An R package for studying mutational signatures and structural variant signatures along clonal evolution in cancer.
69 stars 19 forks source link
bioinformatics bioinformatics-analysis cancer-genomics cancer-research clonality driver-events genomics mutational-signatures nmf nmf-extraction r signature-extraction somatic-mutations structural-variant-signatures structural-variation tumor-evolution tumor-heterogeneity visualization

Palimpsest

Cancer genomes are altered by various mutational processes and, like palimpsests, bear the signatures of these successive processes. The Palimpsest R package provides a complete workflow for the characterisation and visualisation of mutational signatures, including their evolution along tumour development. The package includes a wide range of functions for extracting single base substitution (SBS), double base substitution (DBS) and indel mutational signatures as well as structural variant (SV) signatures. Palimpsest estimates the probability of each mutation being due to each signature, which allows the clonality of each alteration to be calculated, and the mechanism at the origin of each driver event to be predicted. In short, Palimpsest is an easy-to-use toolset for the reconstruction of the natural history of tumours using whole exome or whole genome sequencing data.

Installation

Install from the GitHub repository using devtools:

install.packages("devtools")
devtools::install_github("FunGeST/Palimpsest")

Dependencies

To add indel mutation categories we use a python script that is embedded in the R function annotate_VCF(). For this to work the function must be run in a Unix environment (i.e. Mac or Linux) with python 2.7 installed. The other aspects of the annotate_VCF() function, and indeed all other functions, work on a Windows operating system. The indel aspect of this function also requires you to have a FASTA file compatable with the input VCF genome (including position and chromosome names) accessible in your local environment. If you only wish to work on SBS/DBS/SV signatures you can skip this step.
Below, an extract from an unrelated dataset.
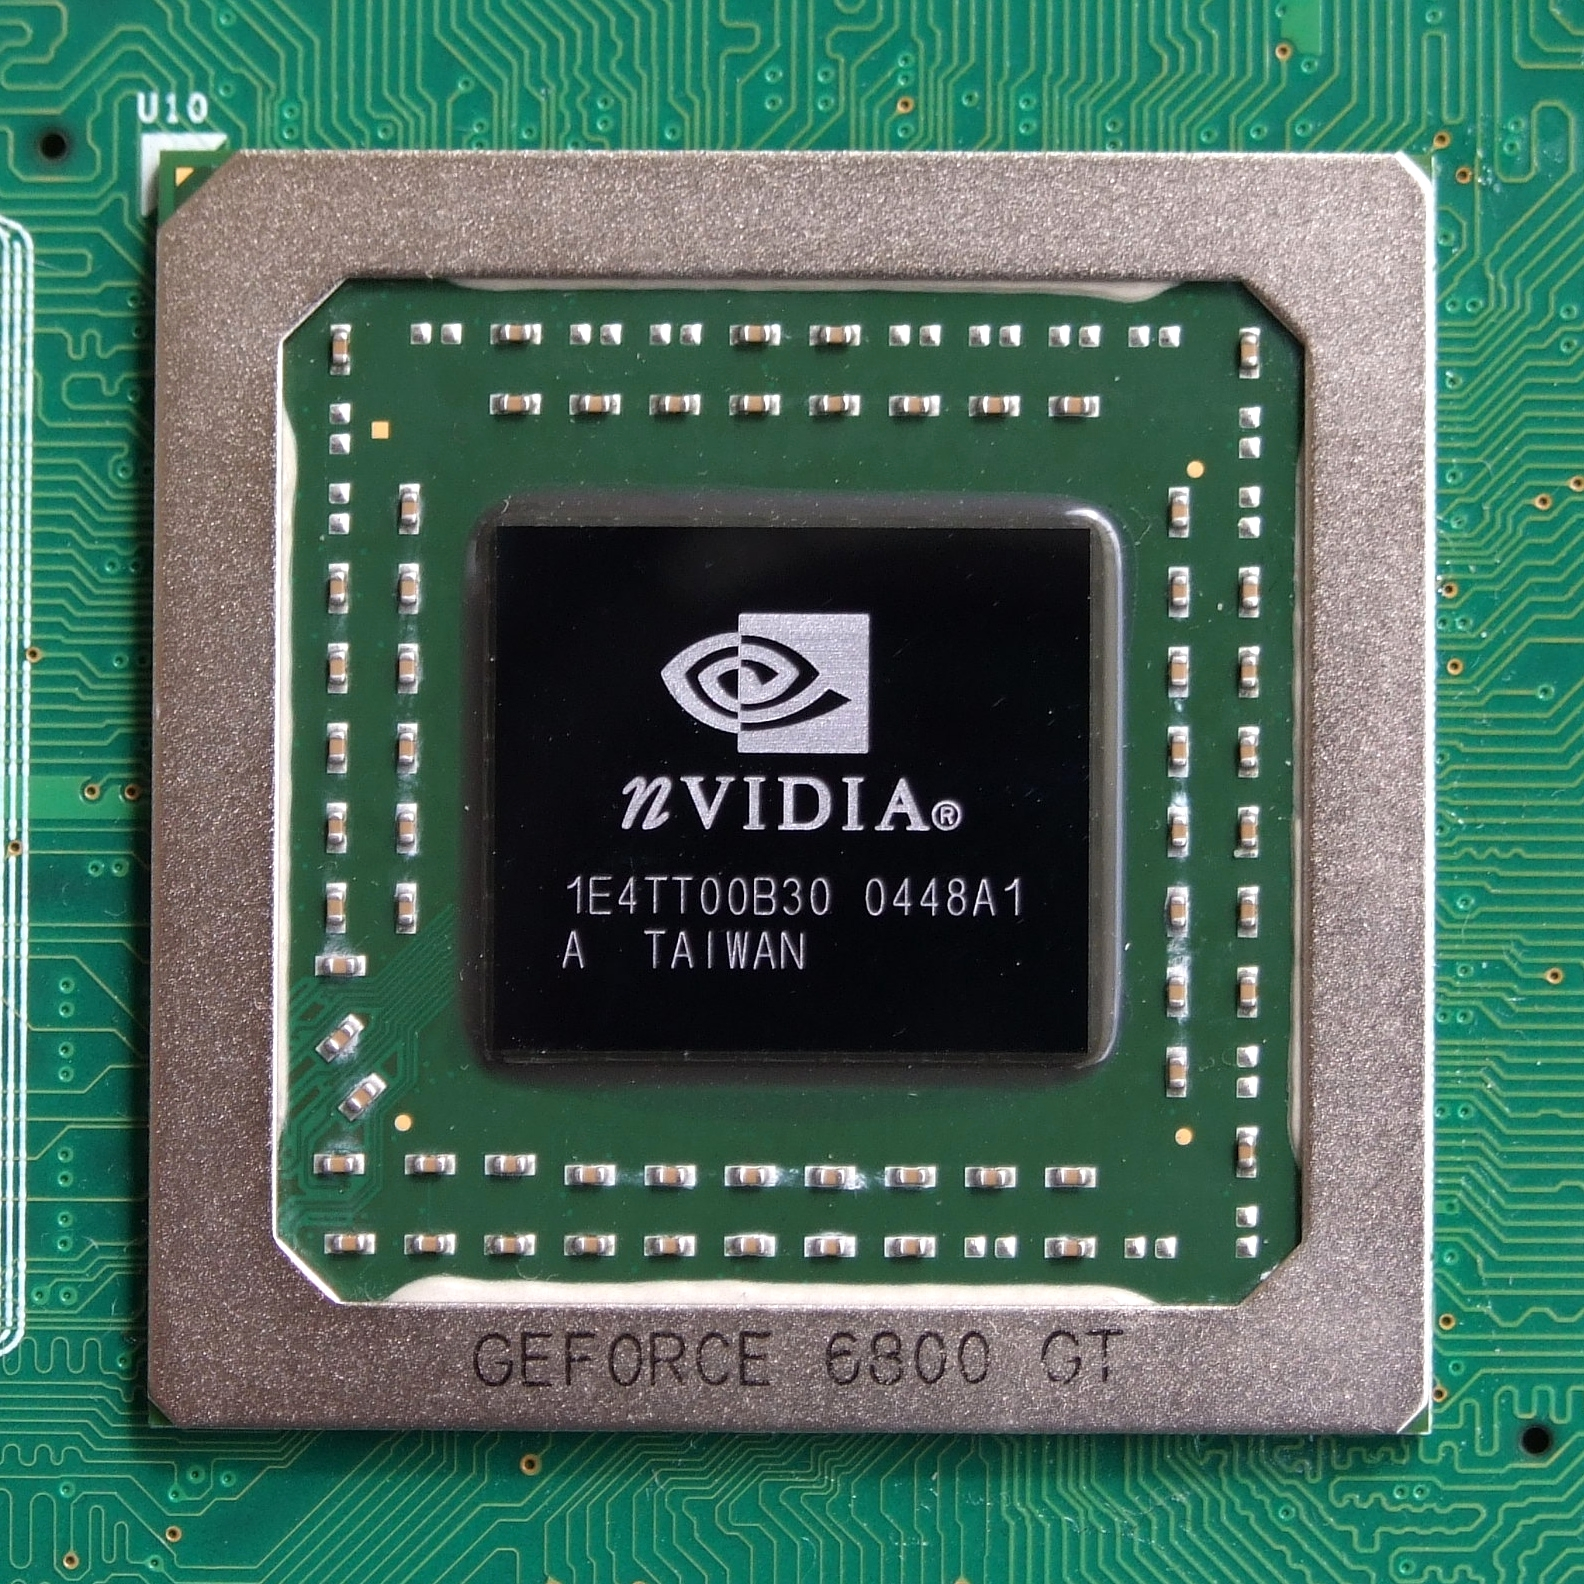 照片中提到了U10、NVIDIA®、1E4TTOOB30 0448A1，跟英偉達有關，包含了NVIDIA Geforce 6芯片、NVIDIA GeForce 6800、圖形處理單元、GeForce 6系列
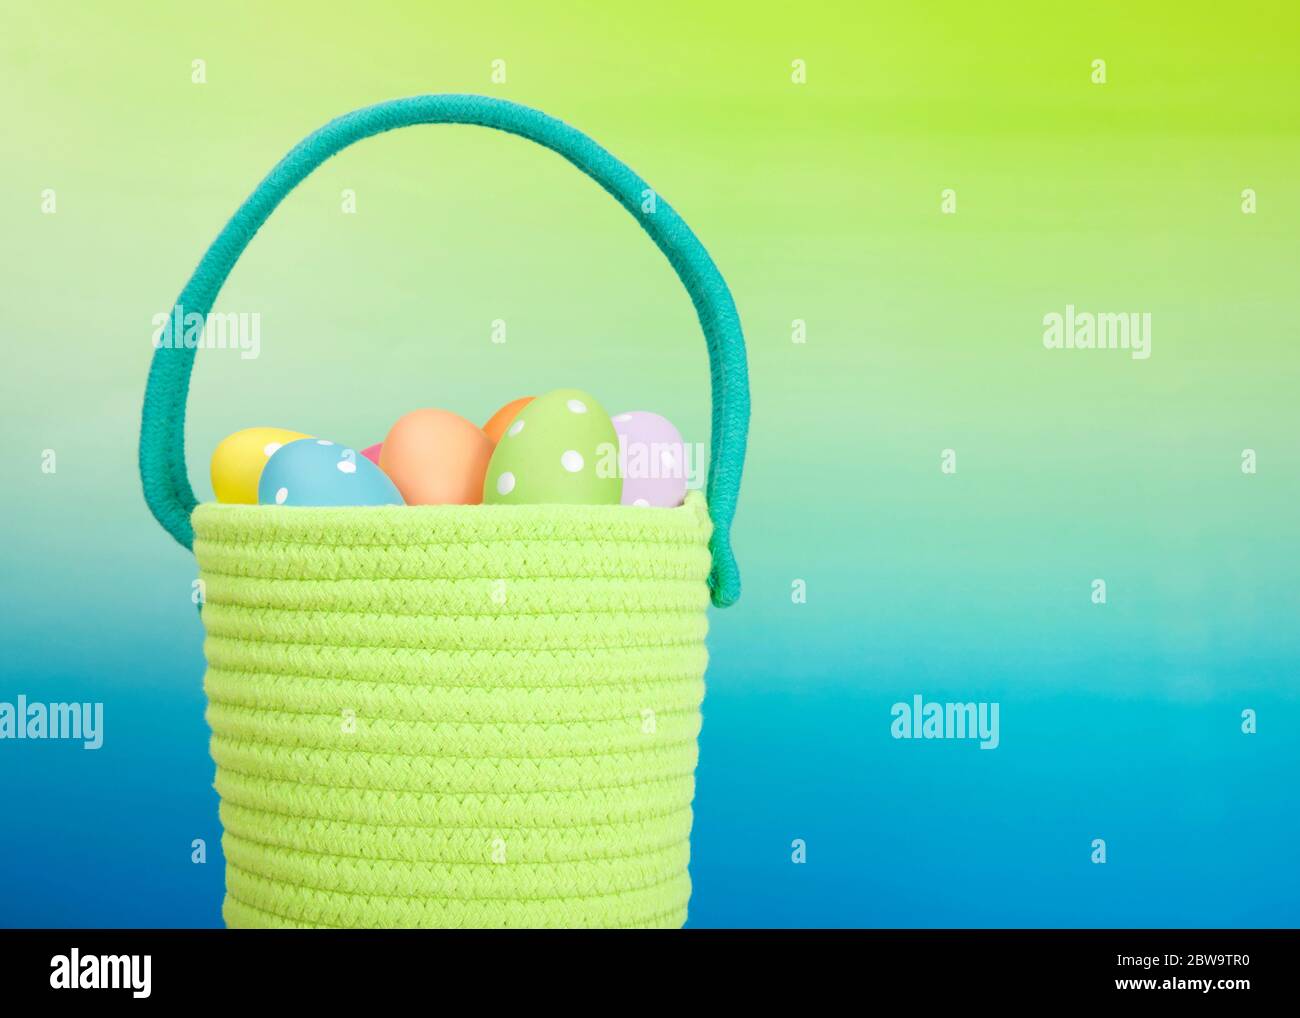 Gros plan sur un panier de Pâques tissé en fil vert vif avec poignée bleu clair rempli d'œufs de couleur festive avec des points, fond bleu dégradé à Banque D'Images

The R package bedr is required to perform structural variant signature analysis. The bedr API gives access to "BEDTools" and offers additional utilities for genomic region processing. To gain the functionality of bedr package you will need to have the BEDTools program installed and in your default PATH.

Input files

For the analysis of somatic mutations Palimpsest requires one mandatory input file -- a mutational catalogue file (vcf) describing somatic mutations in the tumour series. For the analysis of the clonality of somatic mutations (optional), a further two files are required -- a copy number alteration file (cna_data) providing genome-wide absolute copy number estimates, and a minimal sample annotation file (annot_data) indicating gender and tumour purity.

The input files should have the following columns (the header is required, but the order of the columns can change). Example input files are provided with the package.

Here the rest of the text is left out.